-------- The input

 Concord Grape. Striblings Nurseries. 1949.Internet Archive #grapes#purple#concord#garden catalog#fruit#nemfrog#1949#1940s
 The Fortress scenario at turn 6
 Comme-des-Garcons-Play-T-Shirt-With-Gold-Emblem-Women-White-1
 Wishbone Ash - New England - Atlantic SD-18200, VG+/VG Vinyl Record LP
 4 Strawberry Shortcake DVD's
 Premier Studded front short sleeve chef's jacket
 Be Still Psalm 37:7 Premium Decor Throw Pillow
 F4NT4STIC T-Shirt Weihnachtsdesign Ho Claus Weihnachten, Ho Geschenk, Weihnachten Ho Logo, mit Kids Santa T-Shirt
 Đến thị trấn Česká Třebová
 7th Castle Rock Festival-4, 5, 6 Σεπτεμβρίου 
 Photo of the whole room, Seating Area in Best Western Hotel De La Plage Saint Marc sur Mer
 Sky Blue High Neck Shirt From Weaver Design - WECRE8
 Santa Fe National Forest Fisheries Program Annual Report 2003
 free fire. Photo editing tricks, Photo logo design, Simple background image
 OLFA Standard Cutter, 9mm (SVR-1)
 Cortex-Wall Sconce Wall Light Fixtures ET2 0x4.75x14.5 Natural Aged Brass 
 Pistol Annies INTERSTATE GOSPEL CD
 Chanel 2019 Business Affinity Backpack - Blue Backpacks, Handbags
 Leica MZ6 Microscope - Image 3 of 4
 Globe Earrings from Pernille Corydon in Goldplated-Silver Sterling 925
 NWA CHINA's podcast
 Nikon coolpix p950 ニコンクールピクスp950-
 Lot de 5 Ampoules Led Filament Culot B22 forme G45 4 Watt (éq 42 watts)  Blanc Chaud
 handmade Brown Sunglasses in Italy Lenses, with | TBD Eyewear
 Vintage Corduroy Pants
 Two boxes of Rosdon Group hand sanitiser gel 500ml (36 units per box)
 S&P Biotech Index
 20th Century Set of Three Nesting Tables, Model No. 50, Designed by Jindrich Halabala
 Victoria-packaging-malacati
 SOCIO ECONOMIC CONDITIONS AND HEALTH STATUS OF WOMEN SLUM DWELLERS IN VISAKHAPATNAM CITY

----------------

- What to work on: Return every record, leaving each line exactly as it was given.

- Answer space:
 Concord Grape. Striblings Nurseries. 1949.Internet Archive #grapes#purple#concord#garden catalog#fruit#nemfrog#1949#1940s
 The Fortress scenario at turn 6
 Comme-des-Garcons-Play-T-Shirt-With-Gold-Emblem-Women-White-1
 Wishbone Ash - New England - Atlantic SD-18200, VG+/VG Vinyl Record LP
 4 Strawberry Shortcake DVD's
 Premier Studded front short sleeve chef's jacket
 Be Still Psalm 37:7 Premium Decor Throw Pillow
 F4NT4STIC T-Shirt Weihnachtsdesign Ho Claus Weihnachten, Ho Geschenk, Weihnachten Ho Logo, mit Kids Santa T-Shirt
 Đến thị trấn Česká Třebová
 7th Castle Rock Festival-4, 5, 6 Σεπτεμβρίου 
 Photo of the whole room, Seating Area in Best Western Hotel De La Plage Saint Marc sur Mer
 Sky Blue High Neck Shirt From Weaver Design - WECRE8
 Santa Fe National Forest Fisheries Program Annual Report 2003
 free fire. Photo editing tricks, Photo logo design, Simple background image
 OLFA Standard Cutter, 9mm (SVR-1)
 Cortex-Wall Sconce Wall Light Fixtures ET2 0x4.75x14.5 Natural Aged Brass 
 Pistol Annies INTERSTATE GOSPEL CD
 Chanel 2019 Business Affinity Backpack - Blue Backpacks, Handbags
 Leica MZ6 Microscope - Image 3 of 4
 Globe Earrings from Pernille Corydon in Goldplated-Silver Sterling 925
 NWA CHINA's podcast
 Nikon coolpix p950 ニコンクールピクスp950-
 Lot de 5 Ampoules Led Filament Culot B22 forme G45 4 Watt (éq 42 watts)  Blanc Chaud
 handmade Brown Sunglasses in Italy Lenses, with | TBD Eyewear
 Vintage Corduroy Pants
 Two boxes of Rosdon Group hand sanitiser gel 500ml (36 units per box)
 S&P Biotech Index
 20th Century Set of Three Nesting Tables, Model No. 50, Designed by Jindrich Halabala
 Victoria-packaging-malacati
 SOCIO ECONOMIC CONDITIONS AND HEALTH STATUS OF WOMEN SLUM DWELLERS IN VISAKHAPATNAM CITY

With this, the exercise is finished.